Here it is. All he had to do was be open to it, to trust and to not get sidetracked. The thing itself is unremarkable. Just another snaking line of code. But it’s not behaving as a properly written line of code should; it’s wrapping around him and vibrating so that he vibrates along with it. The vibration widens into all out shaking, like an earthquake that has its epicenter at the base of his spine.
The corridors, the doors, even the lines of code all stretch to the breaking point and shatter as he convulses through pitch black. Still, he holds onto his golden truth; his talisman. He has found the subverted line of code and now he can alter it. Right? Of course he can. But he’s suddenly sitting at a keyboard in a tiny space and he has no arms. He looks at the monitor which is the entire wall in front of him and feels something fiddling around at the base of his skull. Oh right; now wait just a minute. I can’t be reprogrammed. I’m not code.
I’m. Not. Code.
“Hey, champ. It’s quitting time.” Evangeline’s voice sounds tinny and remote. He’s not code and he doesn’t know how to write code. He doesn’t know the first thing about how this software works or how it could have been subverted.
He’s just another schmuck with a lousy job and a silly kid’s crush on a woman who doesn’t even see him.
“Right.” He stretches his arms. Well, at least he does have arms; that’s good. He’s ravenously hungry and it’s clear that no amount of damage control is going to save the day. He scrubs his face with his hands, rises and gets his bag. Glancing over at Evangeline’s work space he sees that she’s compiled the reports McKendrick asked for.

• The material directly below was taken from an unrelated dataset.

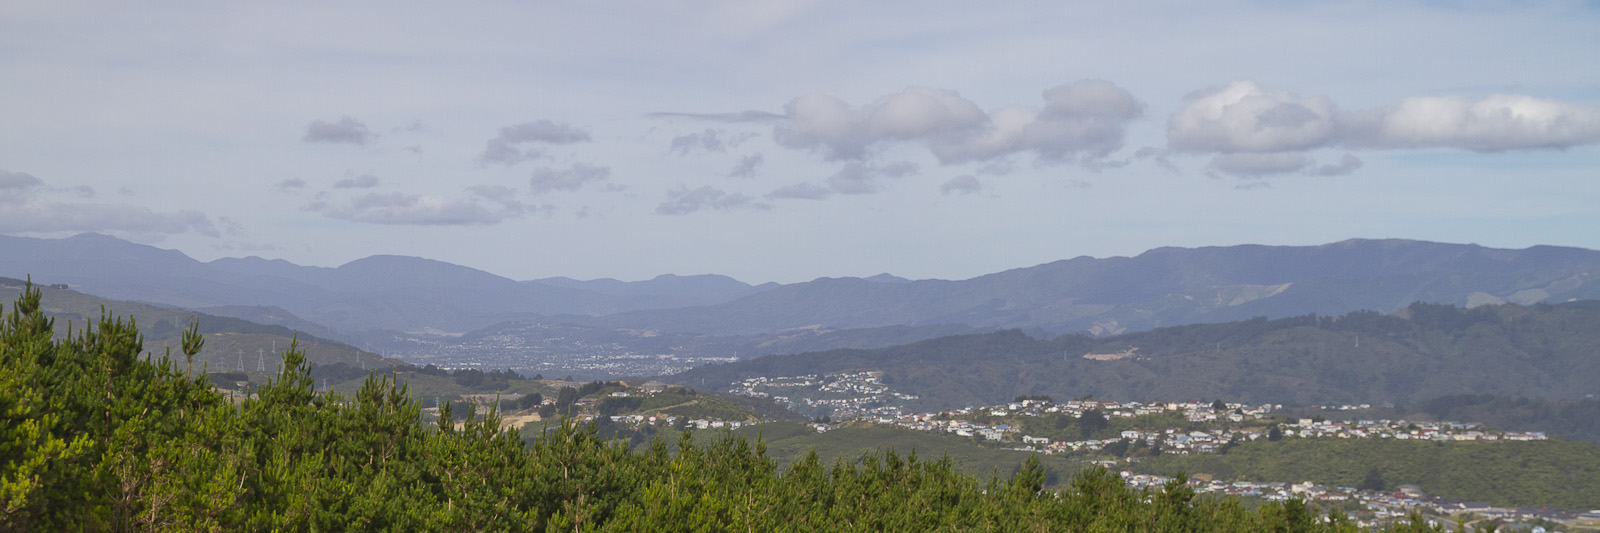 View to the North towards the Tararuas looking North from Belmont Reional Park

Davis suspects that she’s gotten a solid start on the transition plan as well. Good for her.
“You want to get something to eat?” What the hell; Davis figures it’s worth a try.
“No, thanks. How’d your stuff go? Did you find the ghost program?”
Too many answers pile up behind his teeth and he can’t pick the right one.He shrugs and walks out the real ordinary door. The labyrinth is here all right and he hasn’t got the first clue which path to choose. So what?
They all go to the same place after all.